问题描述
我有两个scipy_sparse_csr_matrix'a'和scipy_sparse_csr_matrix(boolean)'mask',我想将'a'的元素设置为零,其中mask的元素为True.
I have two scipy_sparse_csr_matrix 'a' and scipy_sparse_csr_matrix(boolean) 'mask', and I want to set elements of 'a' to zero where element of mask is True.
例如
>>>a
<3x3 sparse matrix of type '<type 'numpy.int32'>'
with 4 stored elements in Compressed Sparse Row format>
>>>a.todense()
matrix([[0, 0, 3],
[0, 1, 5],
[7, 0, 0]])
>>>mask
<3x3 sparse matrix of type '<type 'numpy.bool_'>'
with 4 stored elements in Compressed Sparse Row format>
>>>mask.todense()
matrix([[ True, False, True],
[False, False, True],
[False, True, False]], dtype=bool)
然后我想获得以下结果.
Then I want to obtain the following result.
>>>result
<3x3 sparse matrix of type '<type 'numpy.int32'>'
with 2 stored elements in Compressed Sparse Row format>
>>>result.todense()
matrix([[0, 0, 0],
[0, 1, 0],
[7, 0, 0]])
我可以通过类似的操作来实现
I can do it by operation like
result = a - a.multiply(mask)
或
a -= a.multiply(mask) #I don't care either in-place or copy.
但是我认为上述操作效率低下.由于"a"和"mask"的实际形状为67,108,864×2,000,000,因此这些操作在高规格服务器(64核Xeon cpu,512GB内存)上花费数秒钟.例如,"a"具有大约30,000,000个非零元素,而"mask"具有大约1,800,000个非零(True)元素,那么上述操作大约需要2秒钟.
But I think above operations are inefficient.

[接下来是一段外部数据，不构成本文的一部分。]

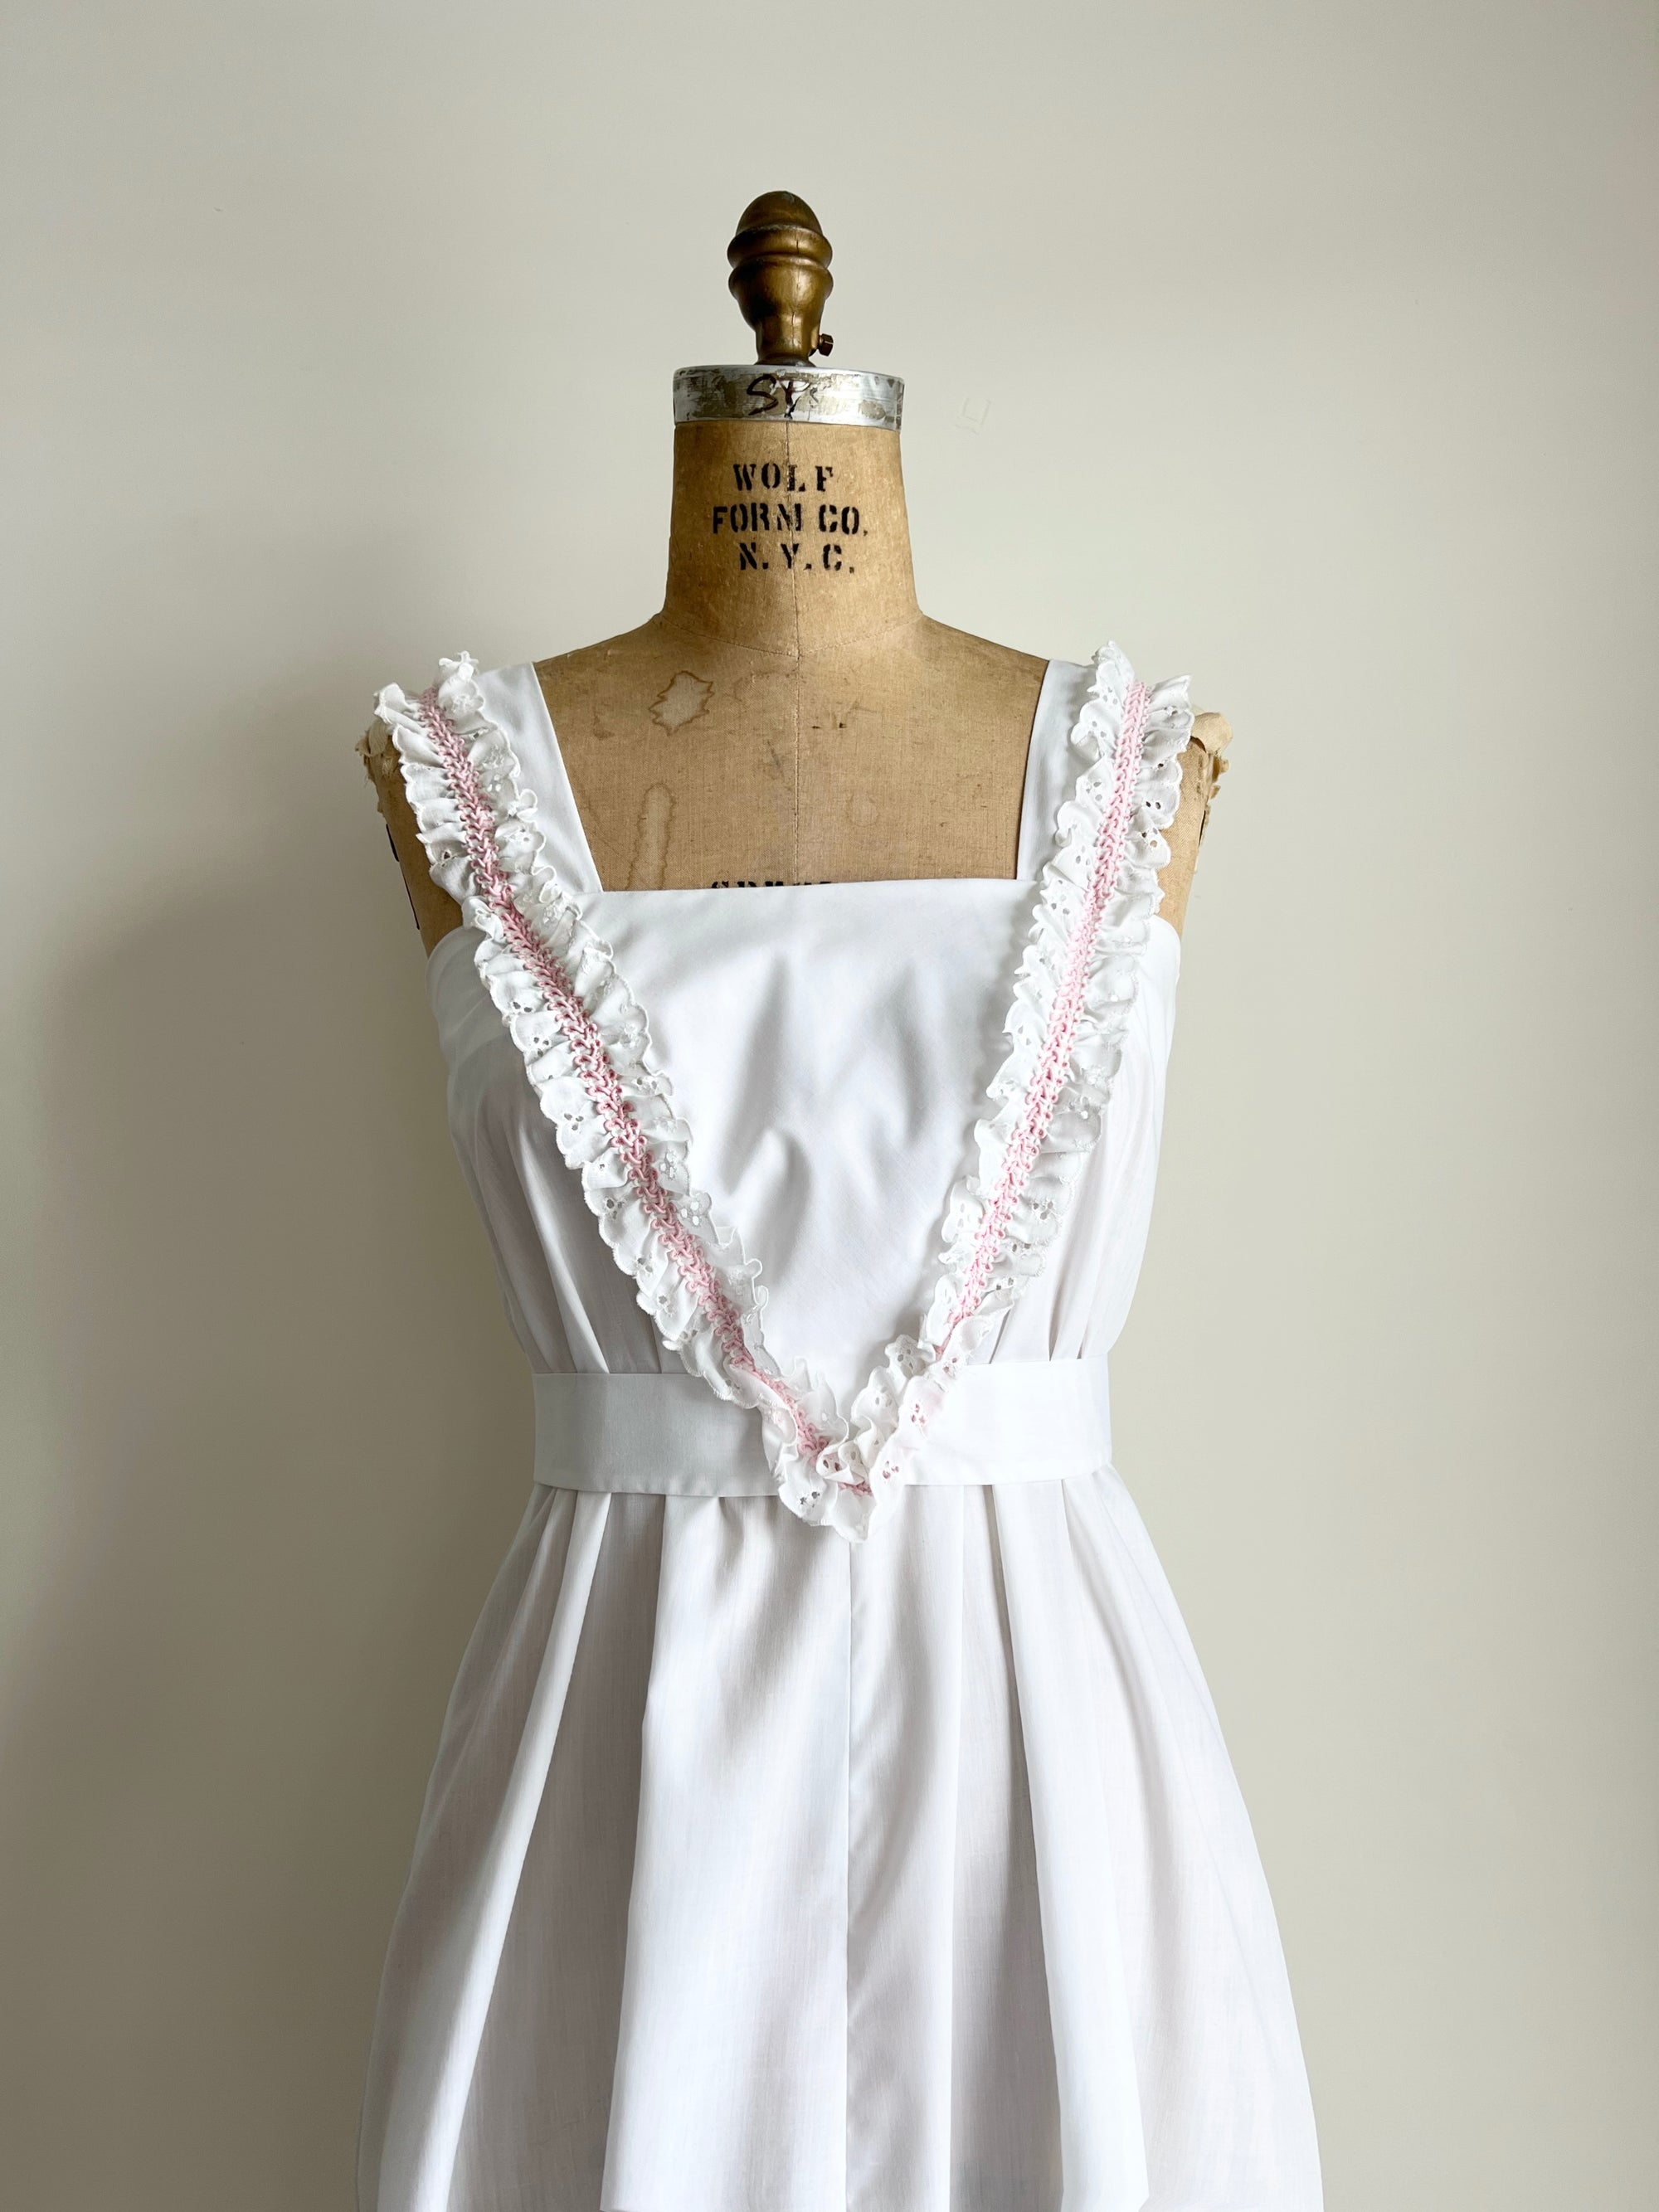 1970s 80s Ruffle Lace Cotton Dress / Small-Medium

Since actual shape of 'a' and 'mask' are 67,108,864 × 2,000,000, these operations take several seconds on high spec server(64 core Xeon cpu, 512GB memory). For example, 'a' has about 30,000,000 non-zero elements, and 'mask' has about 1,800,000 non-zero(True) elements, then above operation take about 2 seconds.
有没有更有效的方法?
条件在下面.
- a.getnnz()!= mask.getnnz()
- a.shape = mask.shape
谢谢!
其他方式(尝试)
a.data*=~np.array(mask[a.astype(np.bool)]).flatten();a.eliminate_zeros() #This takes twice the time longer than above method.
推荐答案
我的最初印象是这种乘减法是一种合理的方法.即使密集等效项使用更直接的方法,sparse
代码也经常将操作实现为某种乘法.行或列上的稀疏总和使用矩阵乘法与适当的1s的行或列矩阵相乘.偶数行或列索引使用矩阵乘法(至少在csr
格式上).
My initial impression is that this multiply and subtract approach is a reasonable one. Quite often sparse
code implements operations as some sort of multiplication, even if the dense equivalents use more direct methods. The sparse sum over rows or columns uses a matrix multiplication with the appropriate row or column matrix of 1s. Even row or column indexing uses matrix multiplication (at least on the csr
format).
有时候,我们可以通过直接使用矩阵属性(data
,indices
,indptr
)来改进操作.但这需要更多的思考和实验.
Sometimes we can improve on operations by working directly with the matrix attributes (data
, indices
, indptr
). But that requires a lot more thought and experimentation.
对于密集阵列,我的第一个尝试是
For the dense arrays my first try would be
In [611]: a.A*~(mask.A)
Out[611]:
array([[0, 0, 0],
[0, 1, 0],
[7, 0, 0]], dtype=int32)
但是没有直接方法对稀疏矩阵进行not
运算.如果mask
确实是稀疏的,则~mask
不会.在您的示例中,mask
具有4个True项和5个False,因此密集版本同样适用:
But there isn't a direct way of doing not
to a sparse matrix. If mask
was indeed sparse, ~mask
would not be. In your example mask
has 4 True terms, and 5 False, so a dense version would work just as well:
In [612]: nmask=sparse.csr_matrix(~(mask.A))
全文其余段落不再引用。